Material for the task —
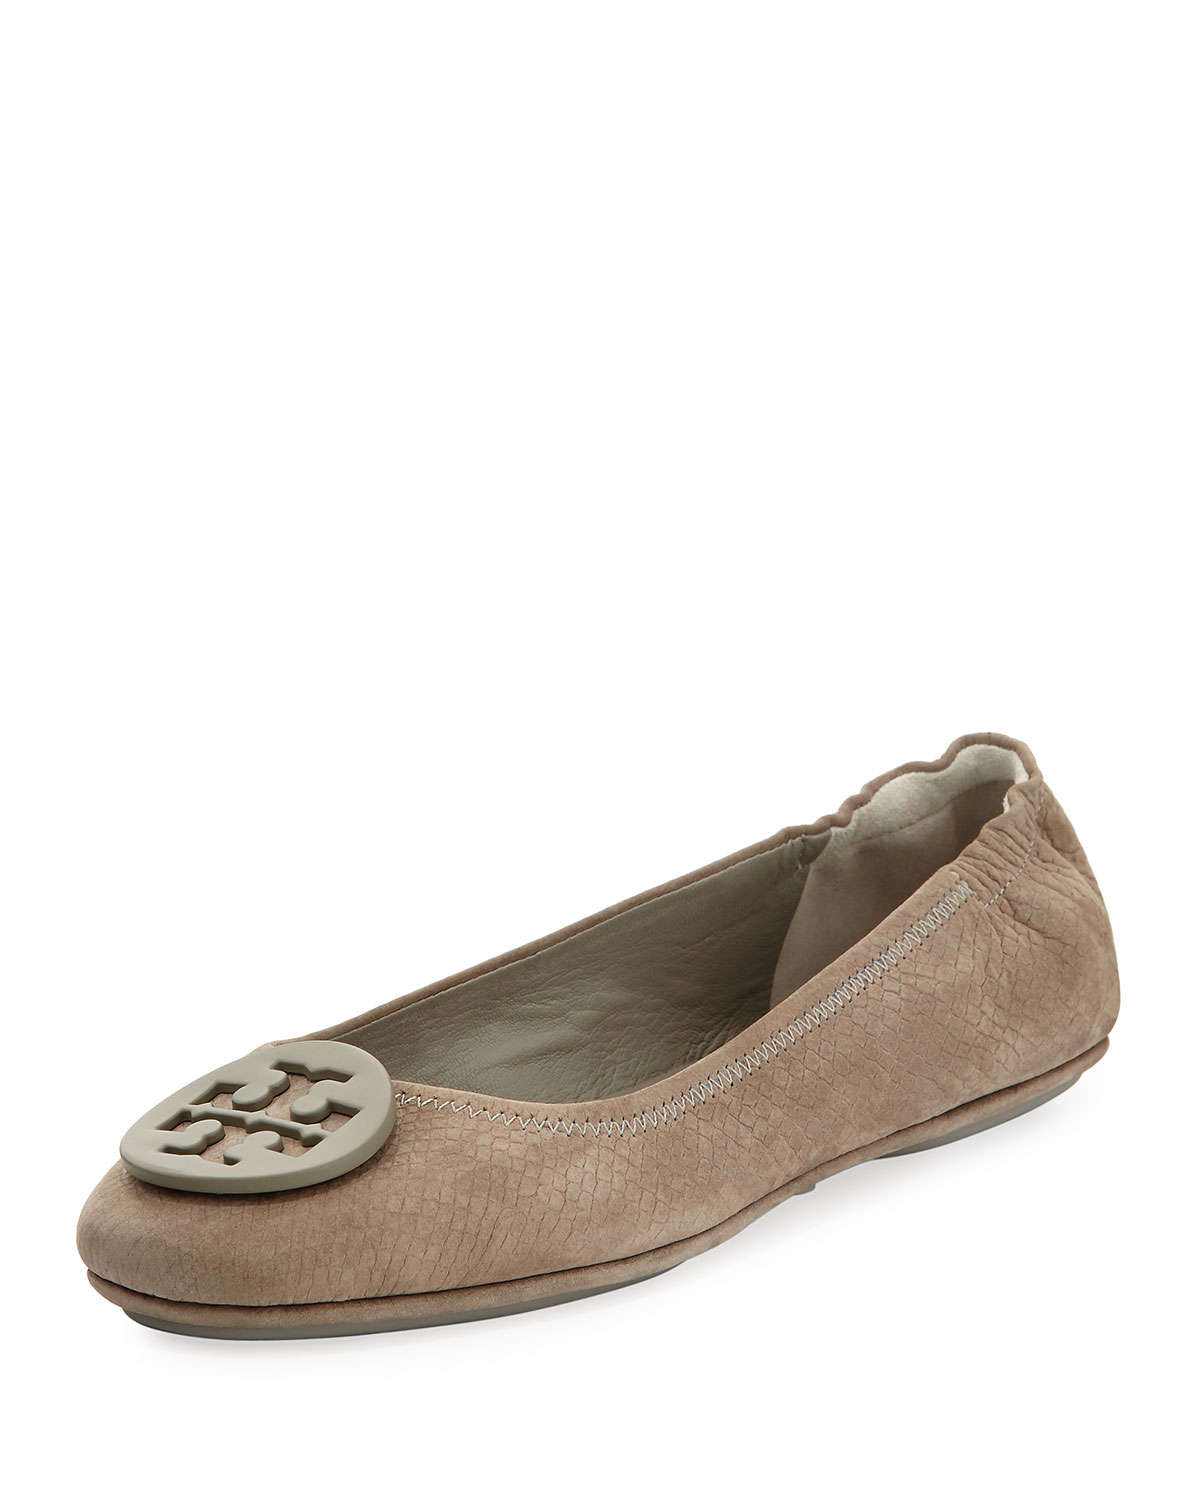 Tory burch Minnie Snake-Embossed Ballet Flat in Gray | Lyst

---

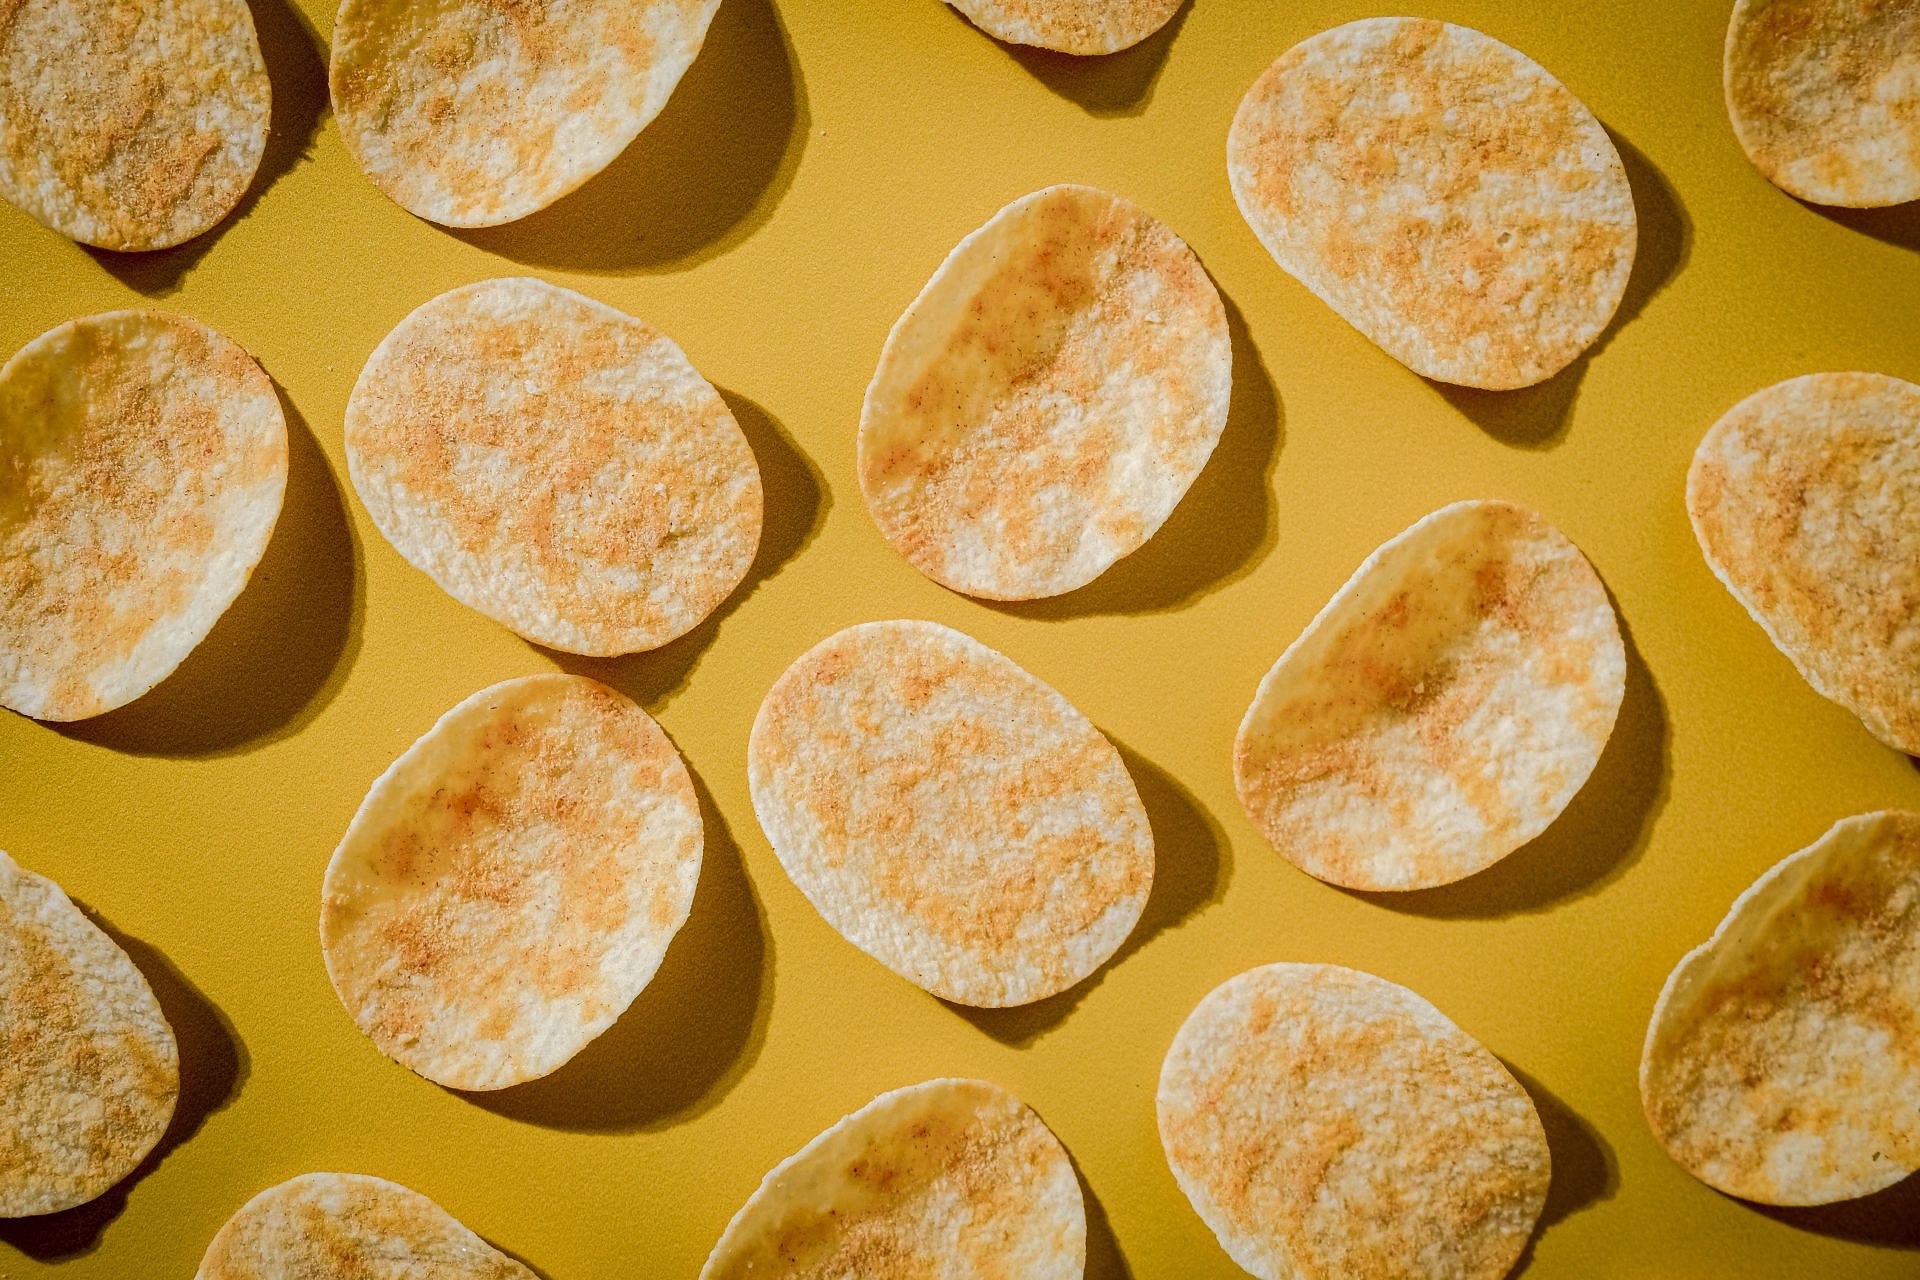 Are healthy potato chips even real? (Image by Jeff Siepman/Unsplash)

---

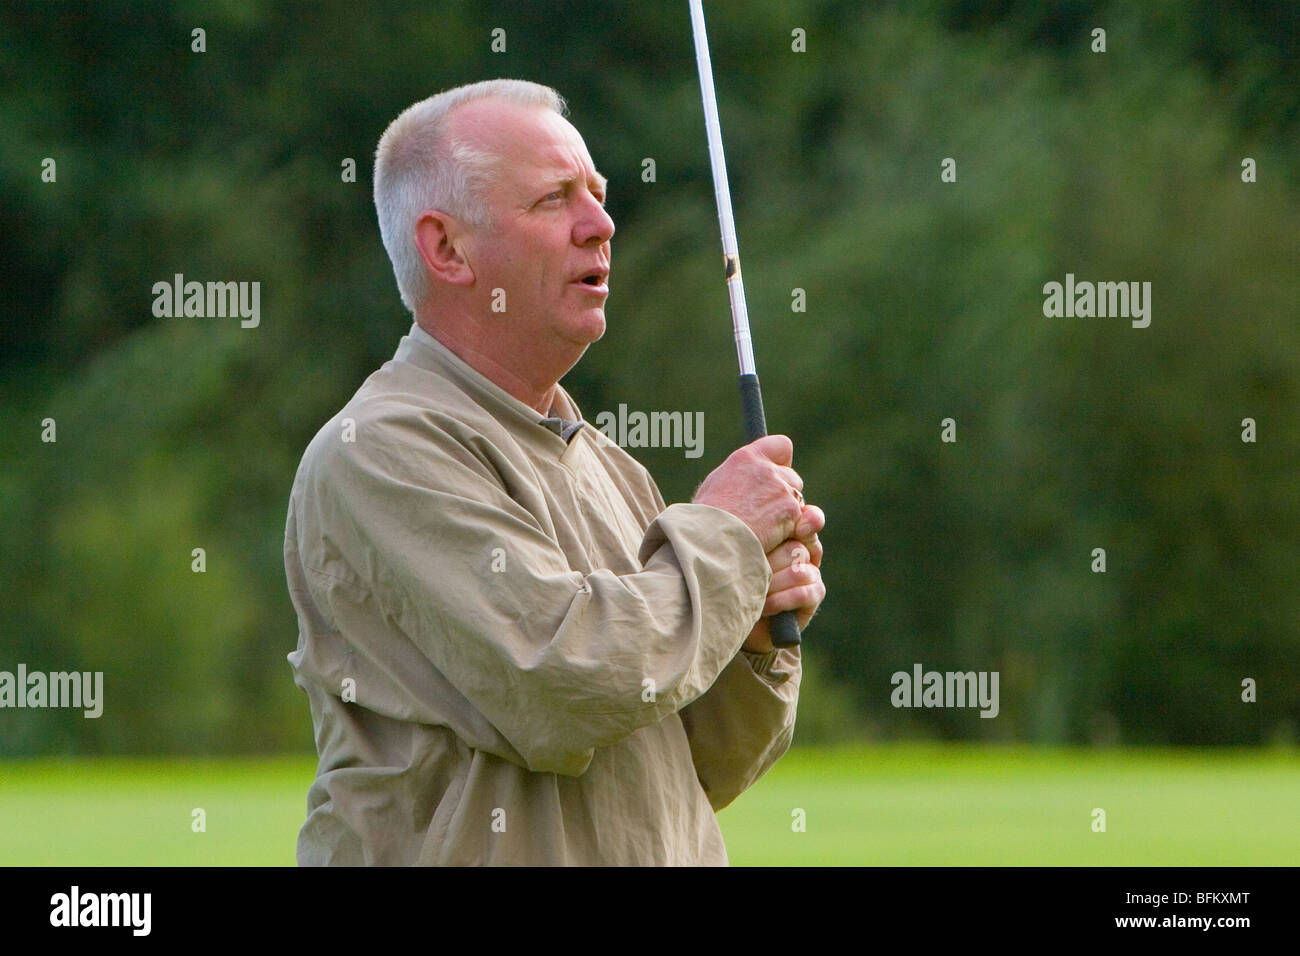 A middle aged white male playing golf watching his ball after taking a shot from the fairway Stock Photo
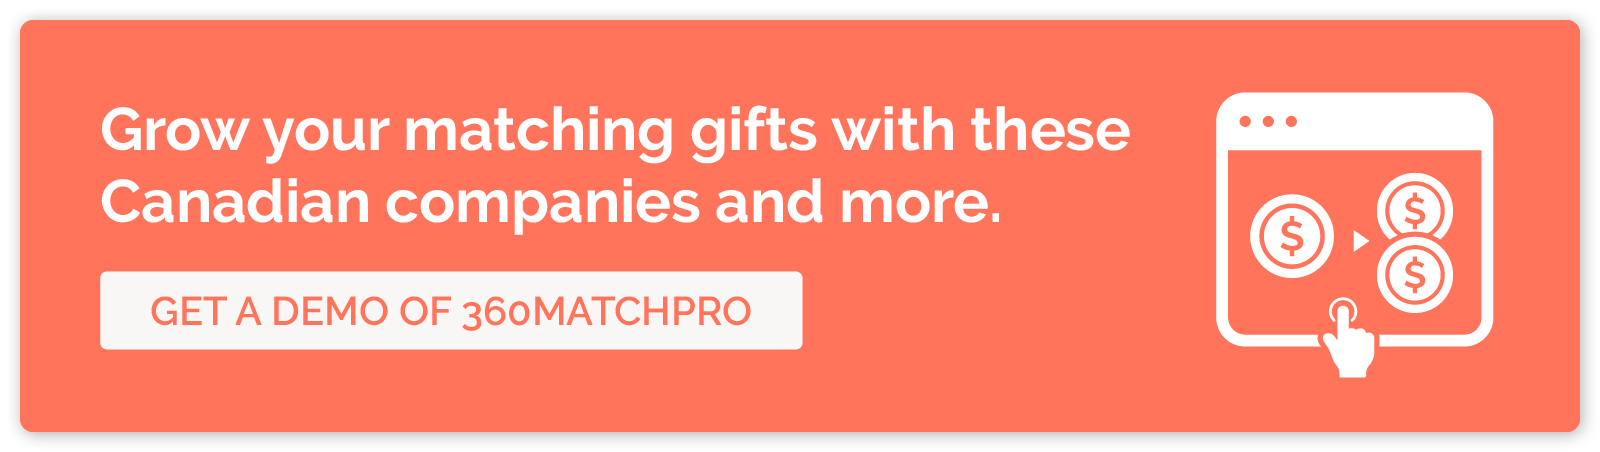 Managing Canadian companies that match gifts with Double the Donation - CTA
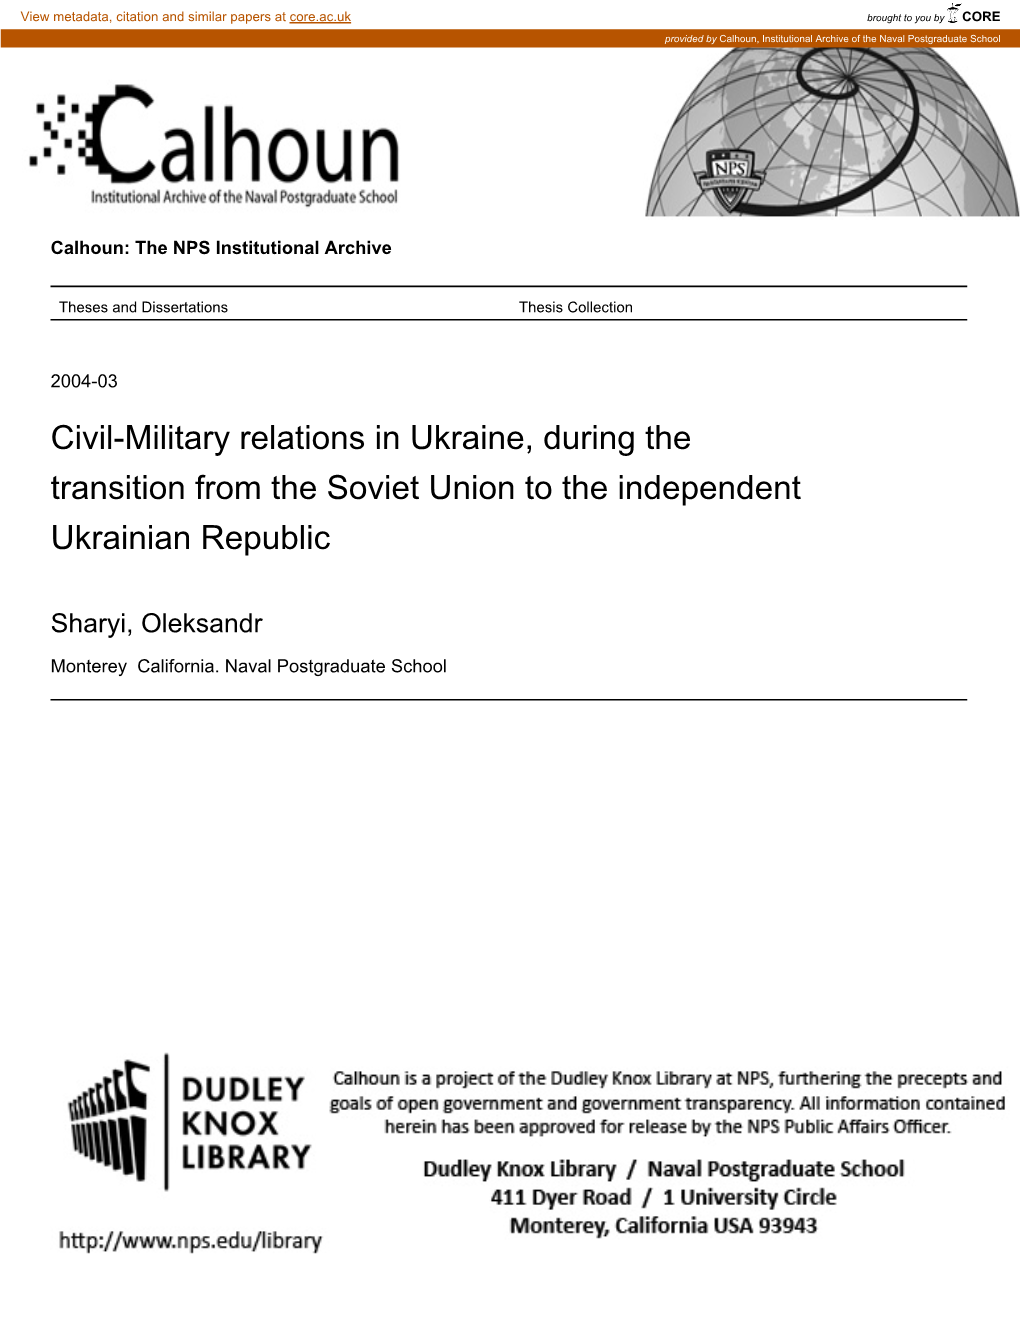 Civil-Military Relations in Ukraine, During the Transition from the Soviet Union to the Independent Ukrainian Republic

Work item — Would you restate, exactly and with no pictures, the lines of the entries above from the one containing "A middle aged" through the one containing "Civil-Military Relations in"?

Finished exercise —
 A middle aged white male playing golf watching his ball after taking a shot from the fairway Stock Photo
 Managing Canadian companies that match gifts with Double the Donation - CTA
 Civil-Military Relations in Ukraine, During the Transition from the Soviet Union to the Independent Ukrainian Republic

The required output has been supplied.